# Data below:

********

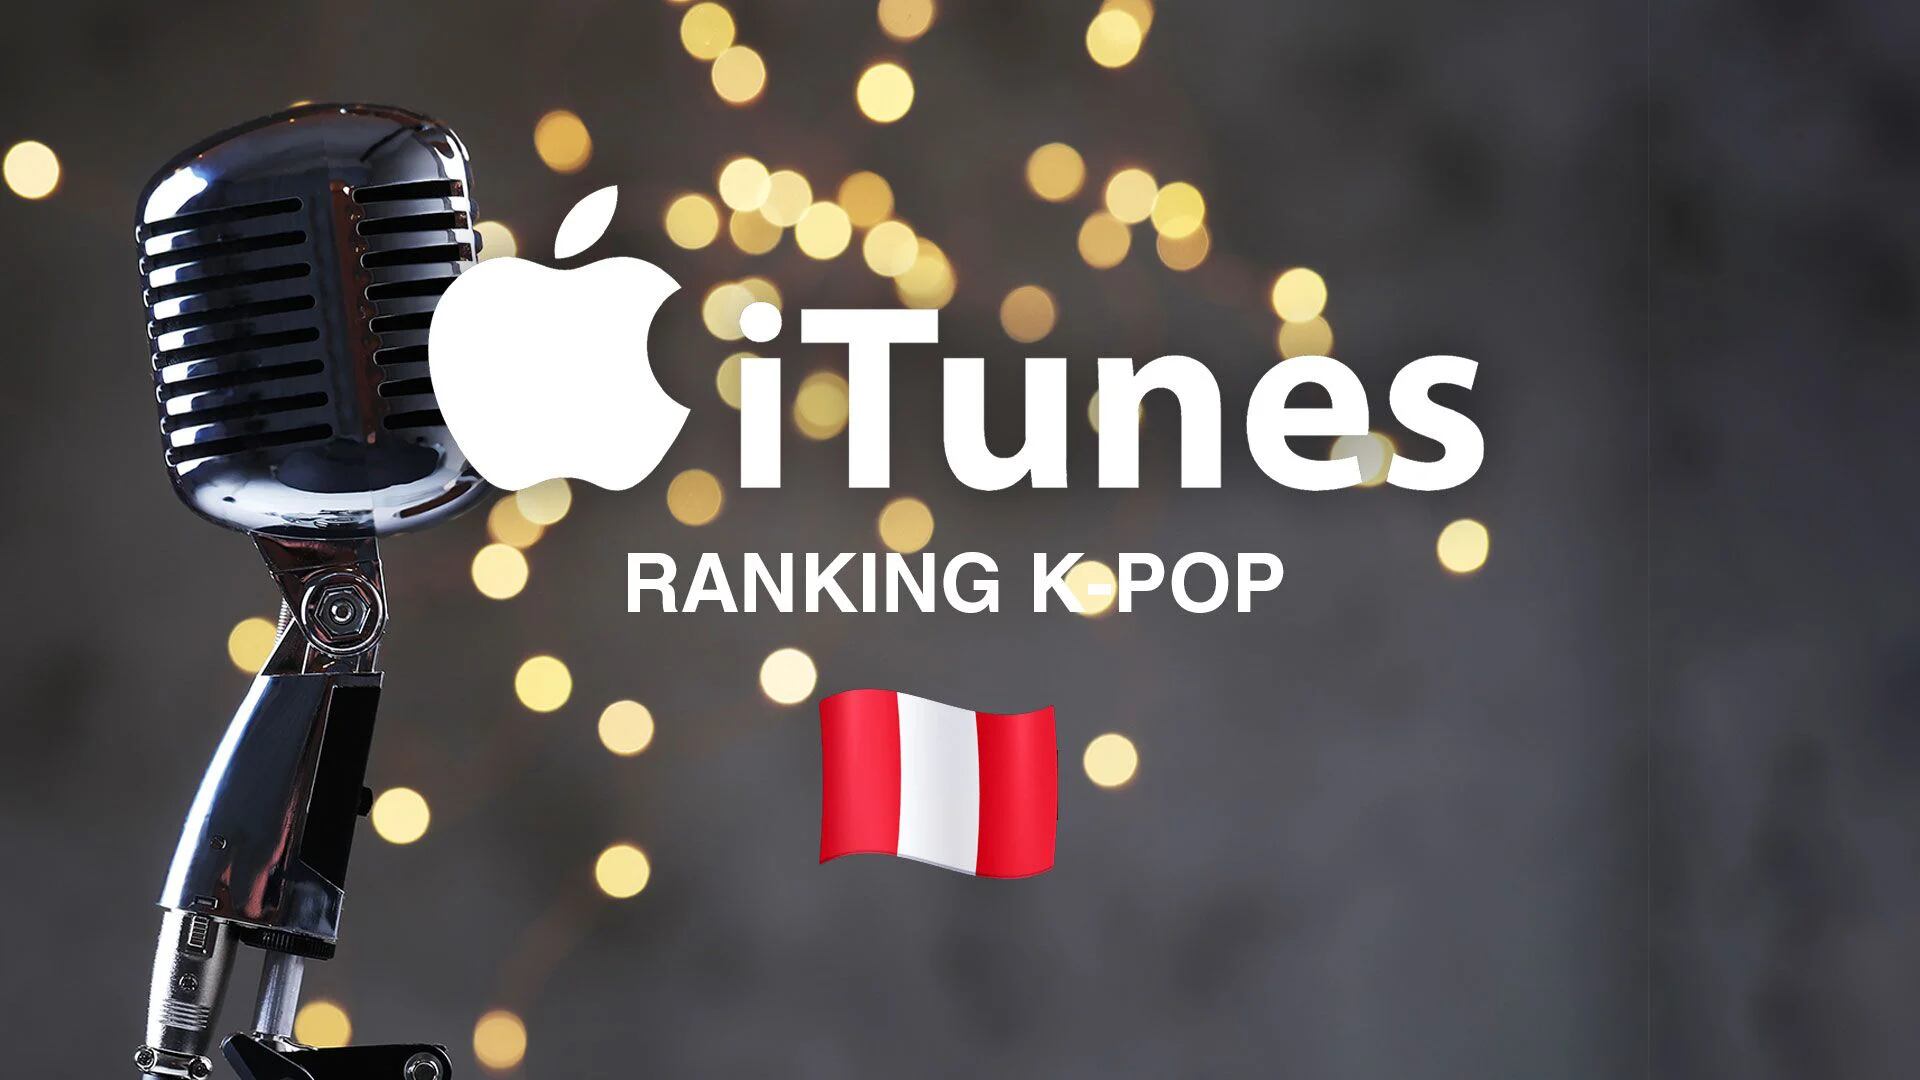 El K-pop muestra su fuerza en Perú: descubre lo más popular en iTunes
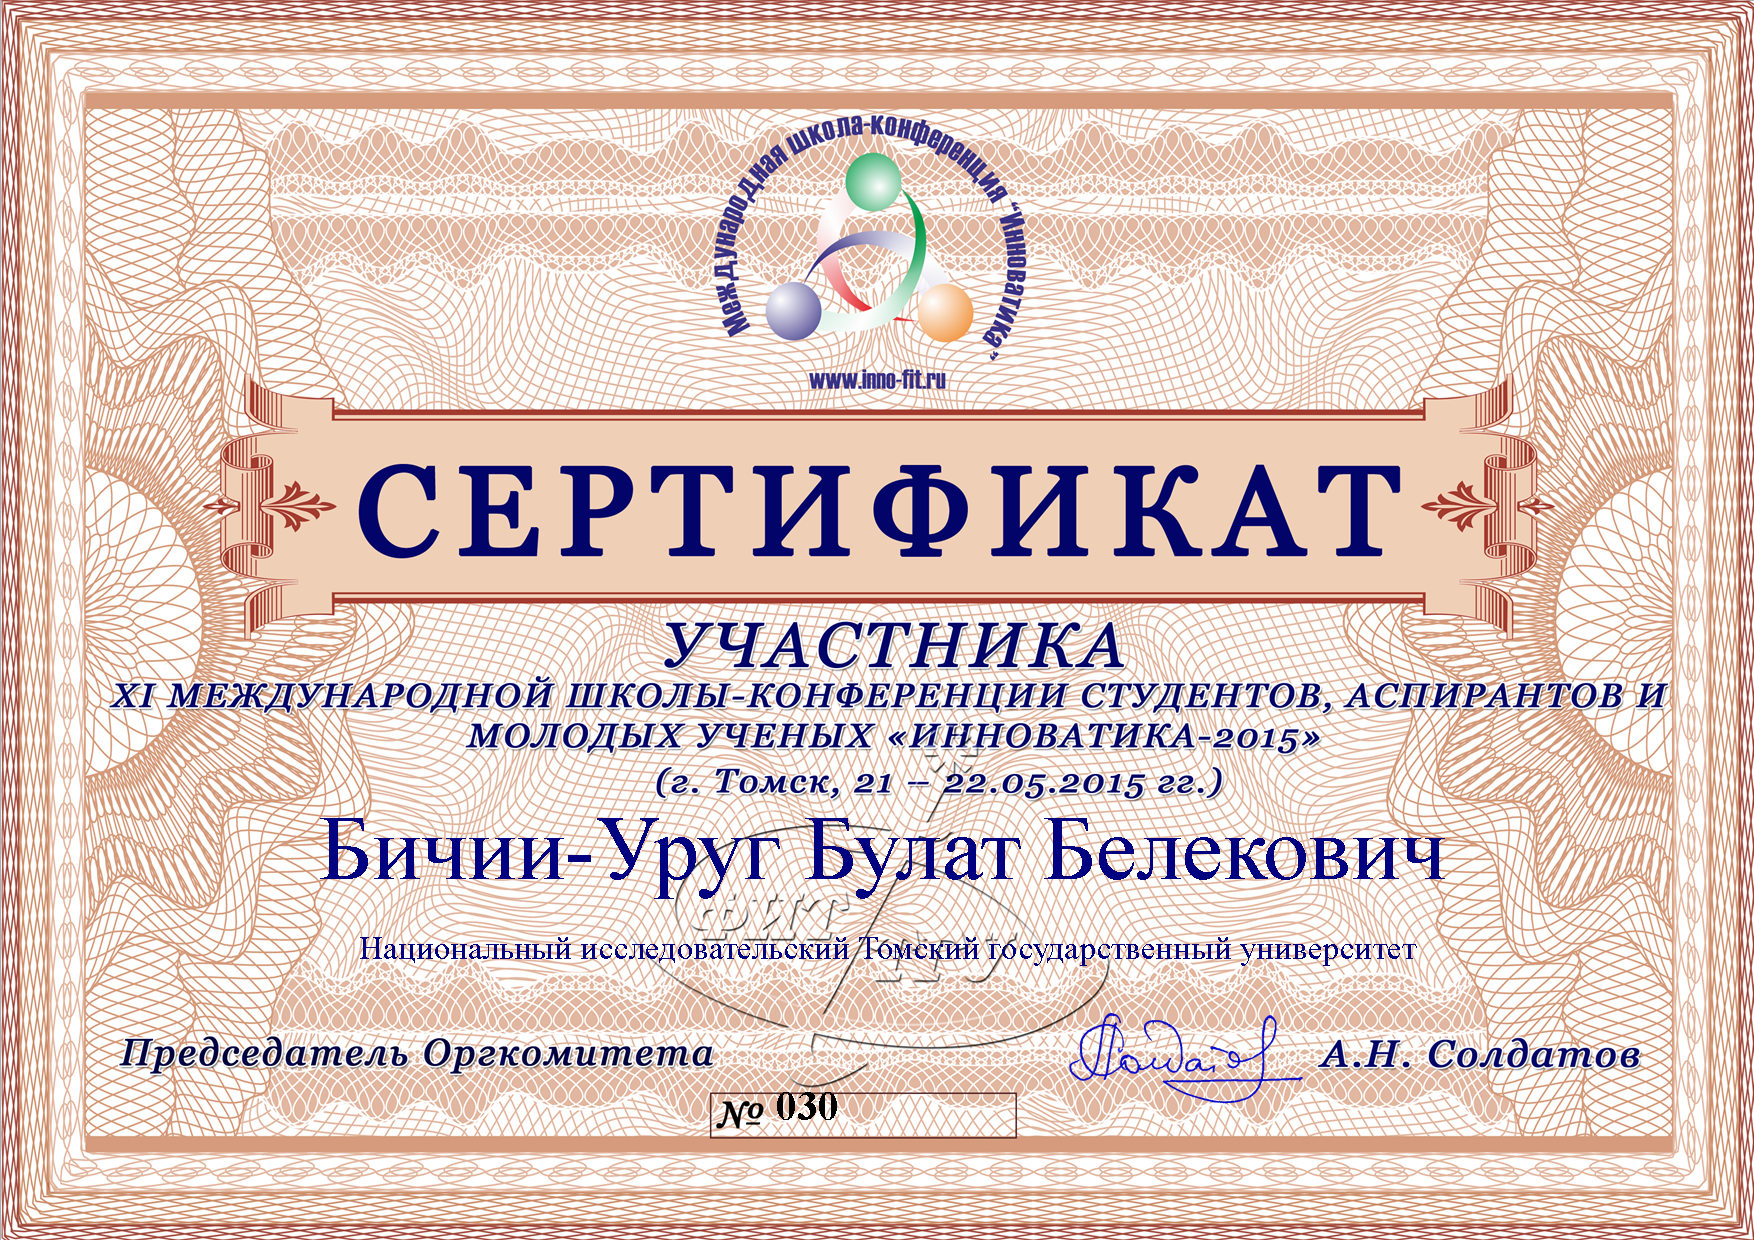 Сертификат Бичии-Уруг Булата
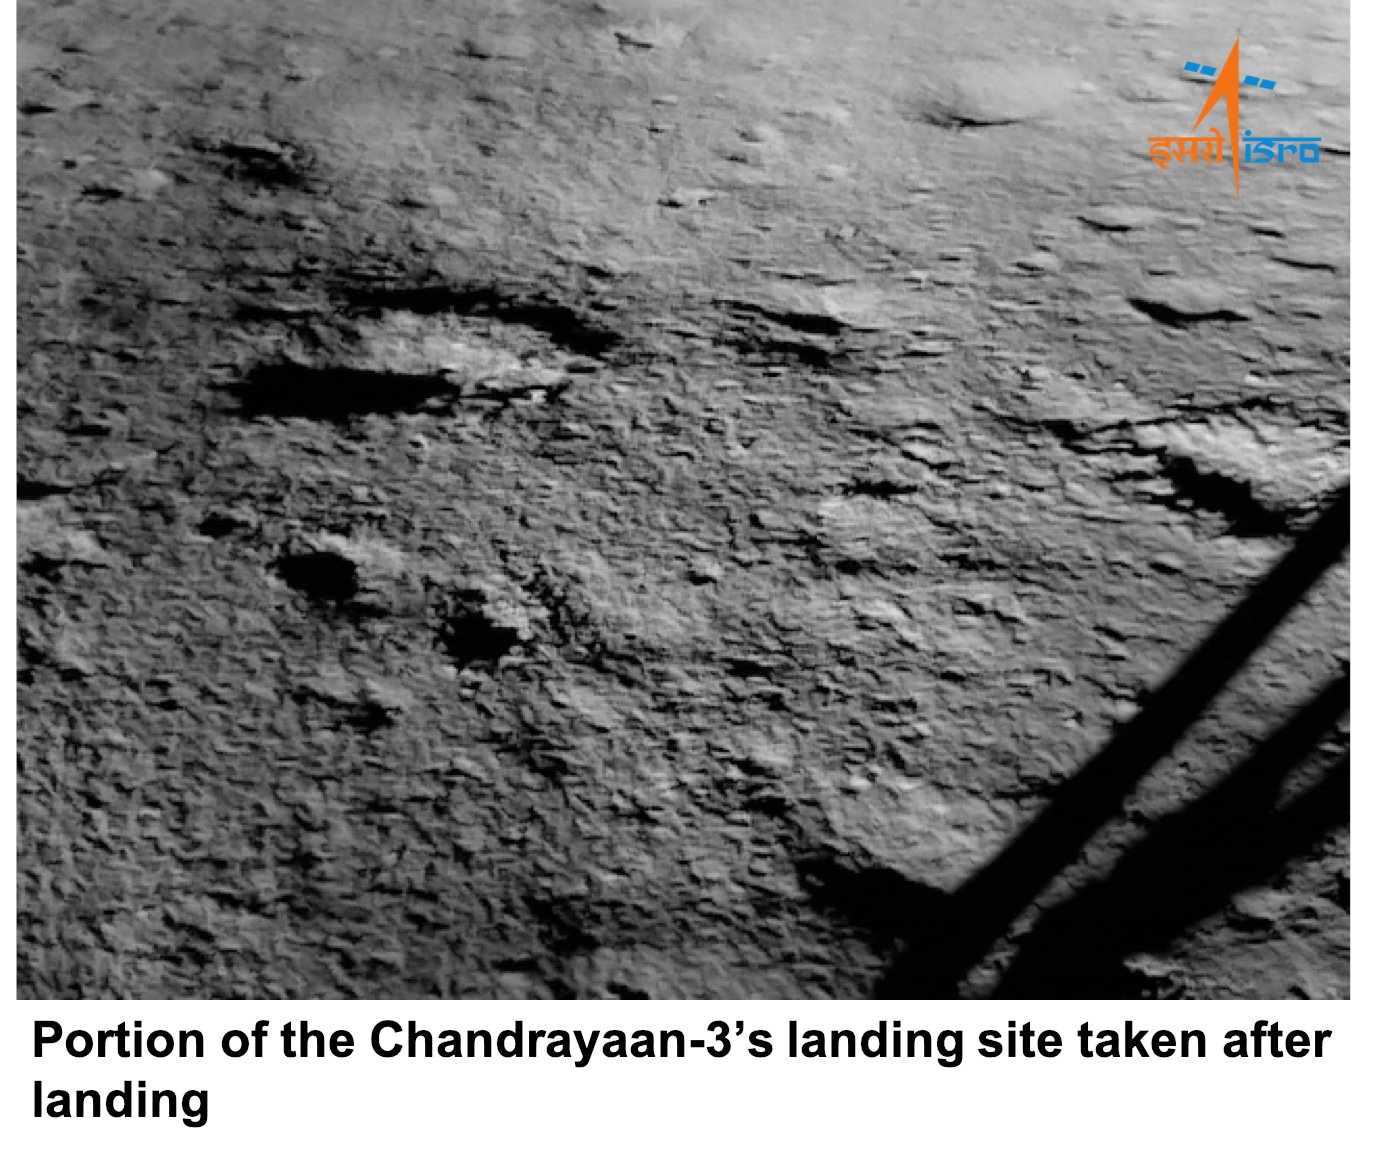 India aterriza con éxito en la Luna, es el cuarto país en lograr esta hazaña
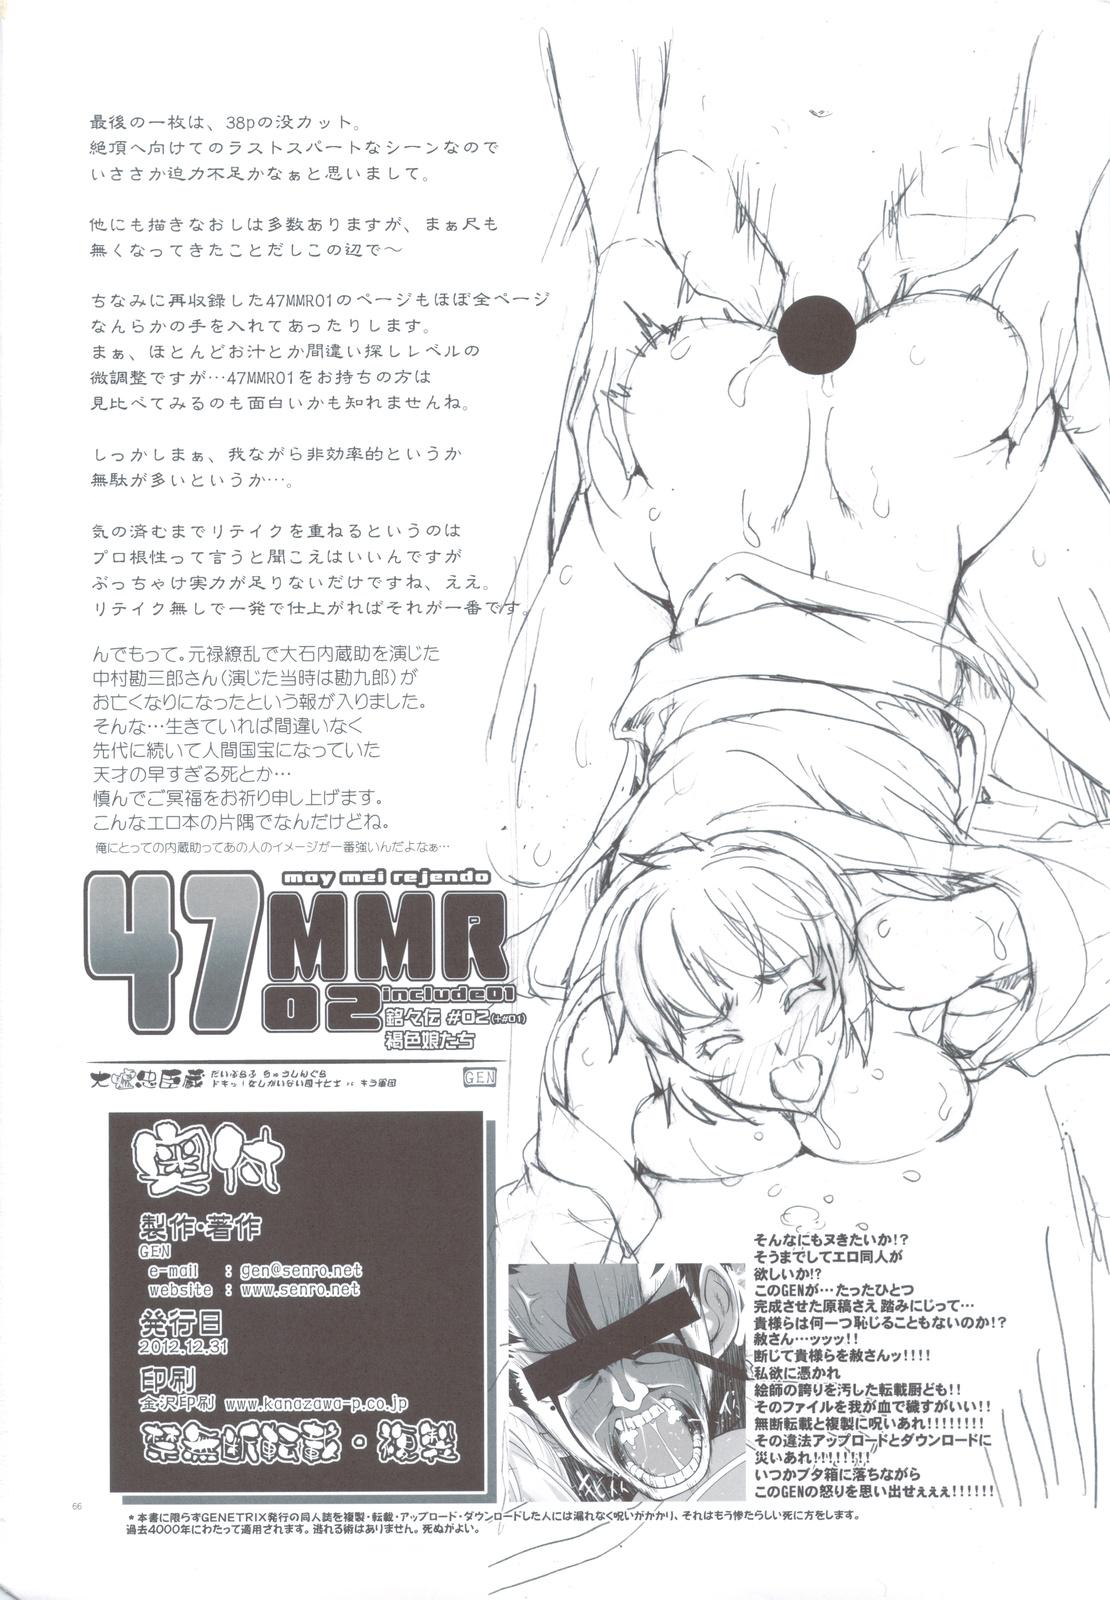 Women Sucking (C83) [GENETRIX (GEN)] 47 MMR02 (include01) Kasshoku Musume-tachi (Original) Bdsm - Page 64

********

Your copy must consist solely of the lines from the one containing "Сертификат Бичии-Уруг Булата" through the final line of the material above, transcribed exactly, with the pictures left out.

 Сертификат Бичии-Уруг Булата
 India aterriza con éxito en la Luna, es el cuarto país en lograr esta hazaña
 Women Sucking (C83) [GENETRIX (GEN)] 47 MMR02 (include01) Kasshoku Musume-tachi (Original) Bdsm - Page 64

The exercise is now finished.